Senate shouldn’t dodge its duty
The impeachment trial of Donald Trump can and must proceed — even after he is no longer president.
The temptation to avoid this event is bipartisan, although far more fervent on the Republican side. Republicans want to avoid being forced to take a politically perilous vote on Trump’s behavior. Some Democrats, particularly among the incoming administration, fear a Senate trial would distract energy and attention from the business of governing. No one can be blamed for the urge to consign Trump to the gilded dustbin of history.
We can’t afford the luxury of ignoring him. Not yet. Not until he has been held accountable for his assault on the Constitution and the rule of law.
It’s easy to see the dodge coming; the White House has been scheming with Republican senators about how to make the trial go away. Arkansas Sen. Tom Cotton, who had the decency to oppose the attempt to overturn the election results, has said he would oppose a trial, arguing that the Constitution’s framers “designed the impeachment process as a way to remove officeholders from public office — not an inquest against private citizens.” Watch for others, including South Carolina Sen. Lindsey Graham, to seek to head the trial off at the pass, arguing that their jurisdiction over Trump ends with his term, at noon on Jan. 20.
Senators will parse constitutional clauses and cite impeachments of centuries past to make their case for or against a trial. Specifically, they will have to consider whether the Constitution’s statement that “judgment in Cases of Impeachment shall not extend further than to removal from Office, and disqualification to hold and enjoy any Office of honor, Trust or Profit under the United States” means that the impeached official must be in office at the time.
In truth, although I think the stronger arguments from language and history are on the side of the power to hold a trial, no one knows for sure. It is hard to imagine the framers spent a second contemplating this strange situation. Which means the Senate can try Trump if it so chooses; it can assert its own good-faith understanding of the Constitution and see if the Supreme Court interferes.
And the Senate should proceed against Trump, even as a former president. He would no longer be subject to removal, but conviction would allow him to be barred from future office. The availability of that sanction might be the best technical argument for the authority to try Trump, but there are stronger policy grounds for proceeding.
Trial by the Senate offers the best way to hold Trump fully accountable for his actions inciting the insurrection. Trump managed to dodge legal responsibility throughout his term because of the multiplicity of offramps available to an sitting president, chief among them his assumed immunity from criminal prosecution.
Now, he might seek to grant himself a pre-emptive pardon.

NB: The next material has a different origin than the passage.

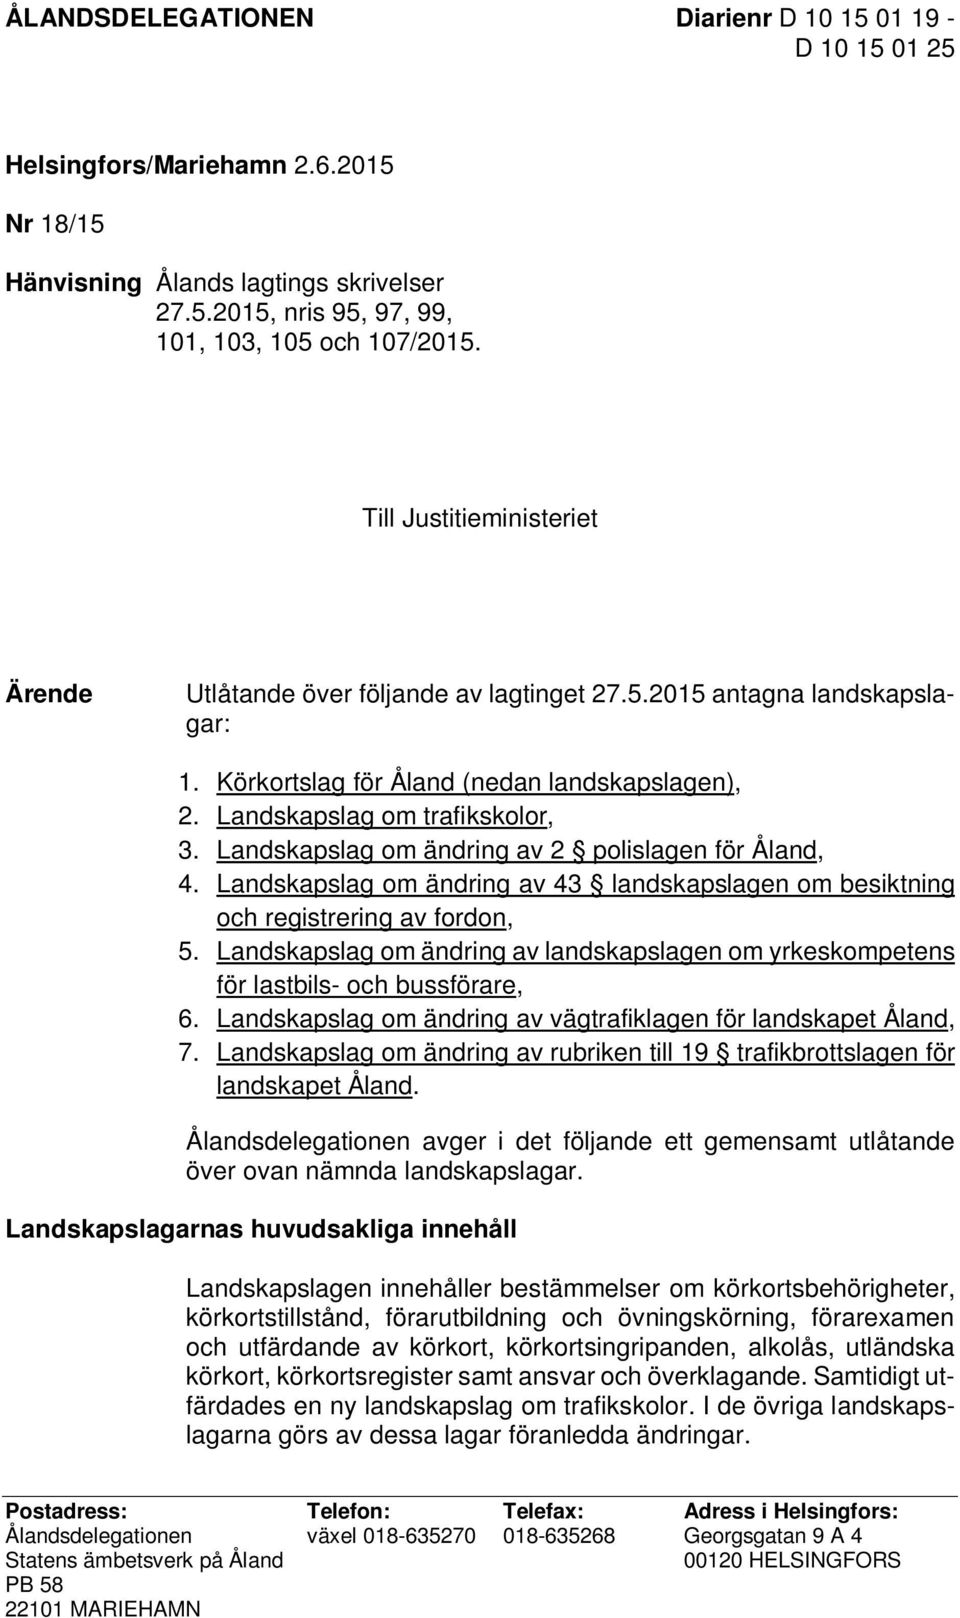 Landskapslag om ändring av 2 polislagen för Åland, 4. Landskapslag om ändring av 43 landskapslagen om besiktning och registrering av fordon, 5.

Even if he doesn’t, using the criminal law to go after Trump for the sacking of the Capitol is likely to prove difficult, if not impossible. A Senate trial on whether Trump committed a high crime or misdemeanor would not pose the same evidentiary hurdles. Trump doesn’t have to be found to have committed a crime, with all the attendant elements of intent and knowledge — just a grave offense against the Constitution.
Trial by the Senate offers the best way to hold senators themselves accountable, too. Mitch McConnell, R-Ky., Senate majority leader for a few days more, has been skillful in shielding his members from having to take uncomfortable votes — from having to choose between following their consciences and protecting their president (and, with him, their own political backsides).
No more. Let them be forced to record whether they believe Trump’s relentless campaign to arouse his masses to contest the clear outcome of his election, his baseless assertion that his vice president should intervene at the 11th hour to overturn the certified results and his whipping up of the mob that stormed the Capitol were consistent with his constitutional duty.
The arguments against going forward with a trial are familiar. I have indulged in some version of them myself, in less extraordinary circumstances. It’s time to turn the page; better to look forward than back. The last thing the country needs at this point is more focus on Trump, another politically divisive spectacle in the form of a Senate trial. A trial, especially with the hurdle of two-thirds required for conviction, will end up hurting Joe Biden more than Trump; the infant administration needs the Senate to concentrate on confirming its nominees and moving its legislative agenda, not relitigating the horrors of the previous incumbent.
These are not frivolous, but they are not, on balance, persuasive. What Trump did is too serious to simply move on. A few weeks delaying in approving Cabinet secretaries, a few weeks more with Trump in the headlines, is a small price to pay for ensuring that Trump faces the ultimate judgment, indelibly etched in history. If Senate Republicans refuse to convict him, that stain, too, will be impossible to expunge.